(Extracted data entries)
....

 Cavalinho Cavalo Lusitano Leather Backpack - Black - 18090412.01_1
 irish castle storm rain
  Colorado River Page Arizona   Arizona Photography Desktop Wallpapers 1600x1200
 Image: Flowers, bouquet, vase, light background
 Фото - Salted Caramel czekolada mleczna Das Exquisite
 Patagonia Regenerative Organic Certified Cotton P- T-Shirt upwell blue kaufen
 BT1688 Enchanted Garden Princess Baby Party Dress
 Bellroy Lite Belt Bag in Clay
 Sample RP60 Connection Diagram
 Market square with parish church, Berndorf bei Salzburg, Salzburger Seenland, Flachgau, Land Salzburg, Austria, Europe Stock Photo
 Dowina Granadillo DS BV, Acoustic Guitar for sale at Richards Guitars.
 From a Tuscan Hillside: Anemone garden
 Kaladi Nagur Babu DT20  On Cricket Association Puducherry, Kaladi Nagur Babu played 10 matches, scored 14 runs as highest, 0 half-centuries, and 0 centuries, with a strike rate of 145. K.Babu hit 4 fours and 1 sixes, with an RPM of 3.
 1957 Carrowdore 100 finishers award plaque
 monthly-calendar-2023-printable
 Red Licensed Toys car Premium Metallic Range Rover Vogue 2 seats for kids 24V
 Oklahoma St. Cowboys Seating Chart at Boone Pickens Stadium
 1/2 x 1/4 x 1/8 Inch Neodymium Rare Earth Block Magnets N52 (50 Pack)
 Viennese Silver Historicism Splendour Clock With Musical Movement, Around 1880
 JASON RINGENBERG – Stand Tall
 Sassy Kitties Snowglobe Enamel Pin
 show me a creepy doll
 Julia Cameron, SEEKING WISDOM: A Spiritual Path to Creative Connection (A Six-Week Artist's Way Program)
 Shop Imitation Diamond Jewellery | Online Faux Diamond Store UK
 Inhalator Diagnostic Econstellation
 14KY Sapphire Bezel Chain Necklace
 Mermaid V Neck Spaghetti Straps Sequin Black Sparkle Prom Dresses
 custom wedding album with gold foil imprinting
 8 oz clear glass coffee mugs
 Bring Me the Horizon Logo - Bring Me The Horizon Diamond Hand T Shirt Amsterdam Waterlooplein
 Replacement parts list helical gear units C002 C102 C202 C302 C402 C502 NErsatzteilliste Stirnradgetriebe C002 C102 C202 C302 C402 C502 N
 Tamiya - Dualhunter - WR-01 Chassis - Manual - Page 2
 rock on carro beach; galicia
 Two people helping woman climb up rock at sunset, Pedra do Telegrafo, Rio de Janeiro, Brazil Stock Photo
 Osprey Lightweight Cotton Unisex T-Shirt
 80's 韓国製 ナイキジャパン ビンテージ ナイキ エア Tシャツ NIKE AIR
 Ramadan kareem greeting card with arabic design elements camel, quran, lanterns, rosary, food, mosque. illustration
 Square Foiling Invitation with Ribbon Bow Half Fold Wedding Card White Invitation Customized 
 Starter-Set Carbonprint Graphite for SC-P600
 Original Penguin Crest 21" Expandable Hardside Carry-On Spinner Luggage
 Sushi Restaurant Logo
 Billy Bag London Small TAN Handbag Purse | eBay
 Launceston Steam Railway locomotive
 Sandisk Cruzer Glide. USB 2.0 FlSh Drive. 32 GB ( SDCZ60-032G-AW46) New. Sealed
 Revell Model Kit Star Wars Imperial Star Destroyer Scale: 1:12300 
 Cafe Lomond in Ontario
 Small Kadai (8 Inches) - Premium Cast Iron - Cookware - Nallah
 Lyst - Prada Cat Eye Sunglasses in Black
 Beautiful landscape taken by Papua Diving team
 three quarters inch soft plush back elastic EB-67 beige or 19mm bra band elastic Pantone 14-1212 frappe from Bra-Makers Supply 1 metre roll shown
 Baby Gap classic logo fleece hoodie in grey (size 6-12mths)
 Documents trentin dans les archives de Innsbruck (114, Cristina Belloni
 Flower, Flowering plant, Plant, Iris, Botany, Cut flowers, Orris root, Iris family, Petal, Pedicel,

....

- [Task prompt]:
Only the lines above from the line with "Sushi Restaurant Logo" to the line with "Cafe Lomond in Ontario", those two lines included, should be reproduced exactly.

- [Result below]:
 Sushi Restaurant Logo
 Billy Bag London Small TAN Handbag Purse | eBay
 Launceston Steam Railway locomotive
 Sandisk Cruzer Glide. USB 2.0 FlSh Drive. 32 GB ( SDCZ60-032G-AW46) New. Sealed
 Revell Model Kit Star Wars Imperial Star Destroyer Scale: 1:12300 
 Cafe Lomond in Ontario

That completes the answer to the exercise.